| Task to complete |
Below, some lines carry pictures; leave those pictures out and retype exactly the lines from the one with "元箱入り 美品 Panasonic" through the one with "GraphicRiver Minimal Square Brochure 7514150".

| Listed records |
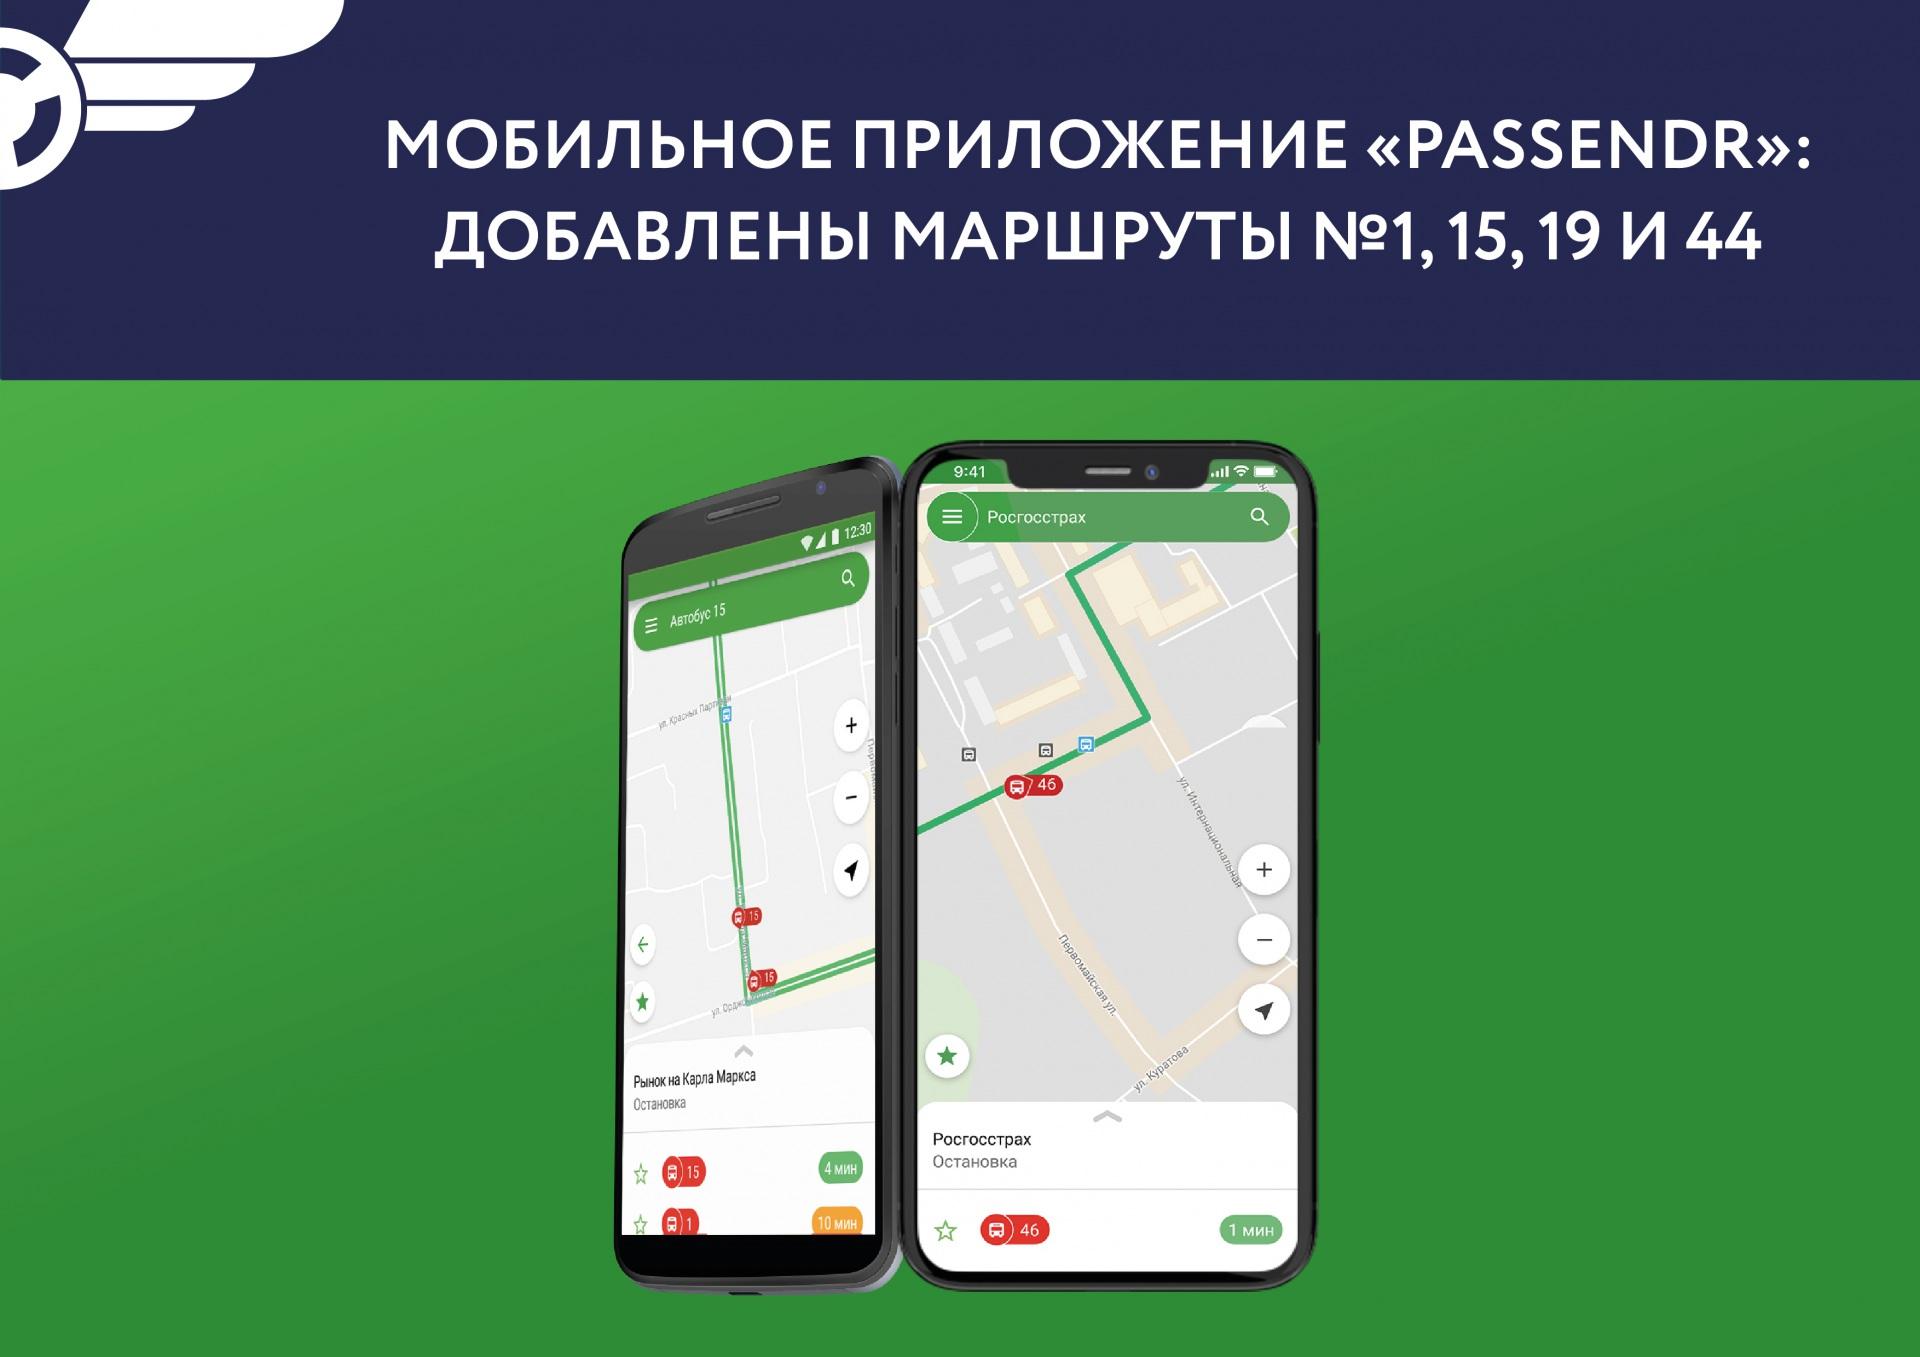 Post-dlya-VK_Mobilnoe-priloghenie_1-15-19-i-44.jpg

* * *

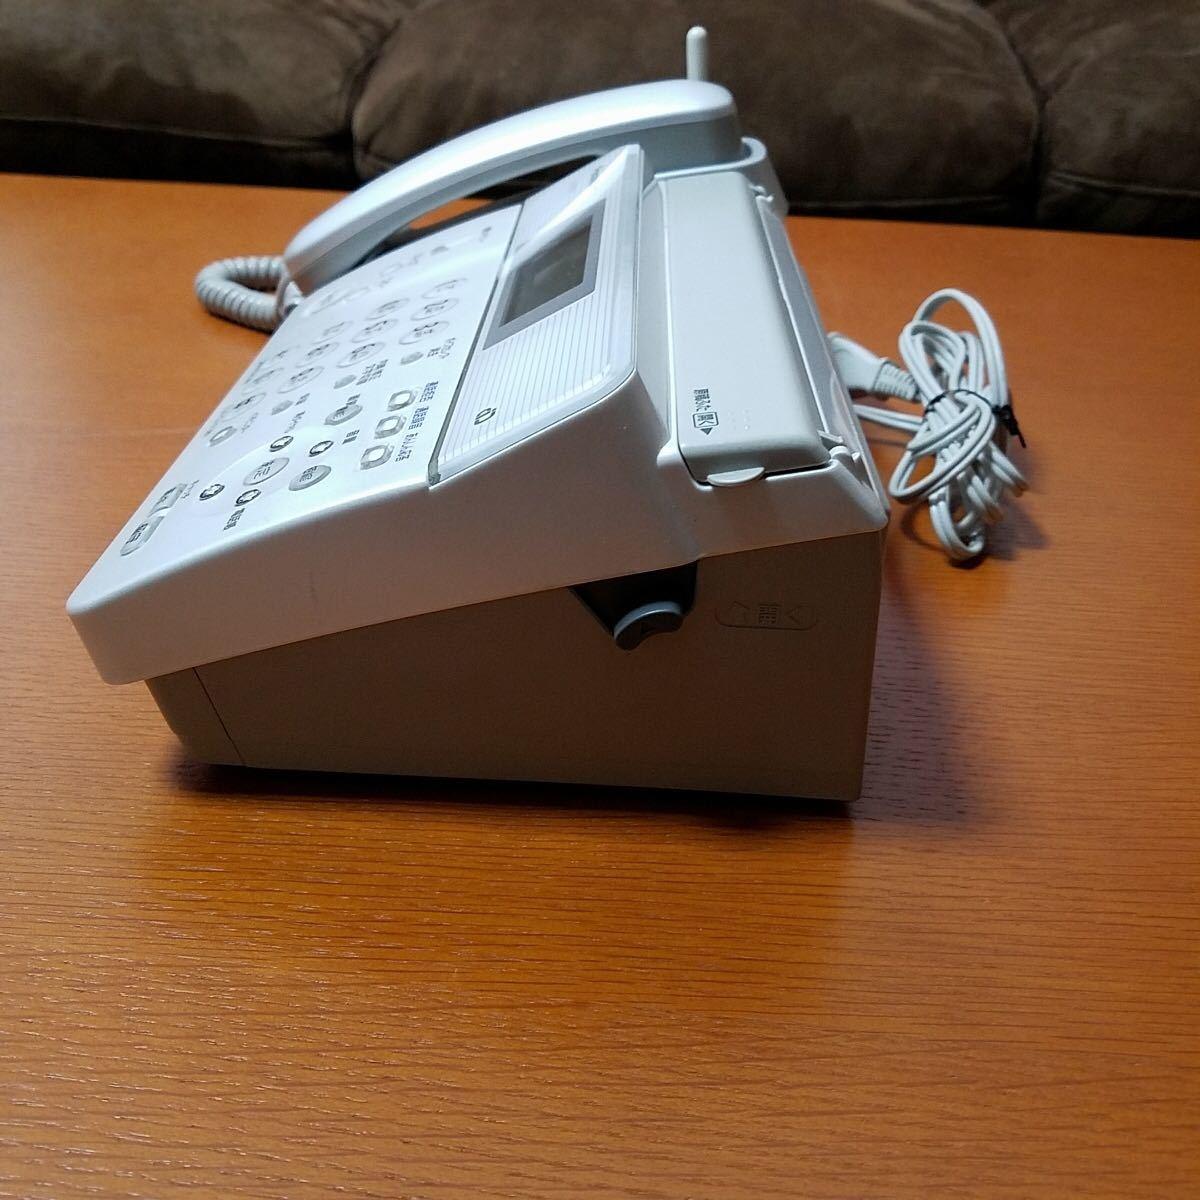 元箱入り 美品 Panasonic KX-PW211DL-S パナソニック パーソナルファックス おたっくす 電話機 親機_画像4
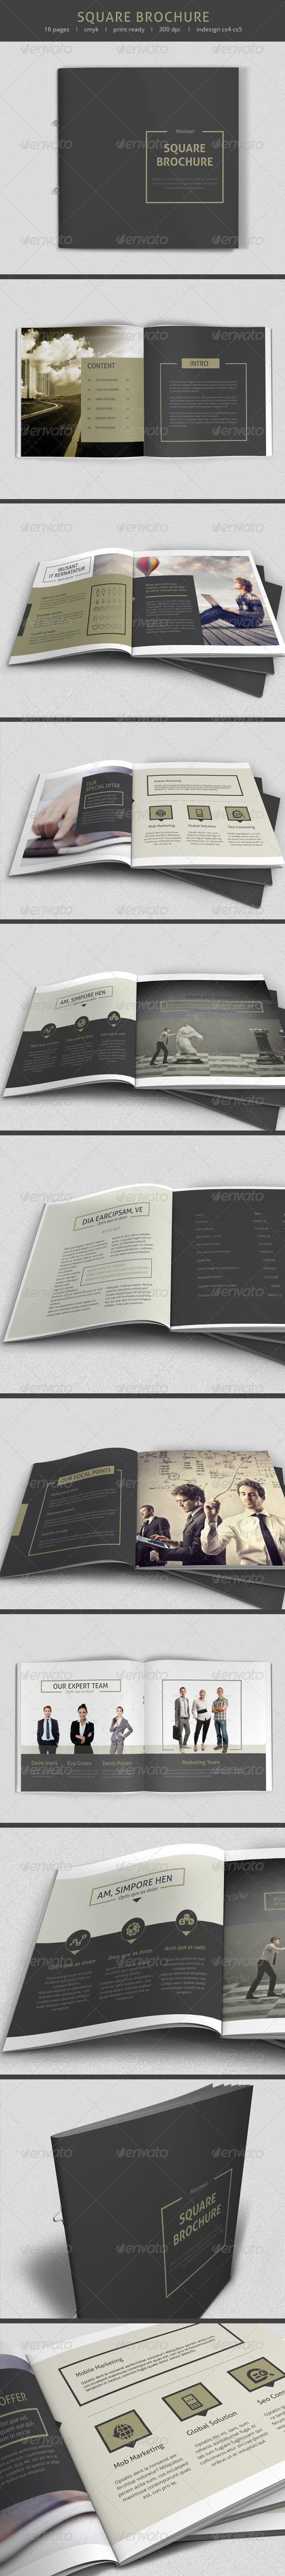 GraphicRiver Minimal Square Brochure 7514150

| Response for this exercise |
 元箱入り 美品 Panasonic KX-PW211DL-S パナソニック パーソナルファックス おたっくす 電話機 親機_画像4
 GraphicRiver Minimal Square Brochure 7514150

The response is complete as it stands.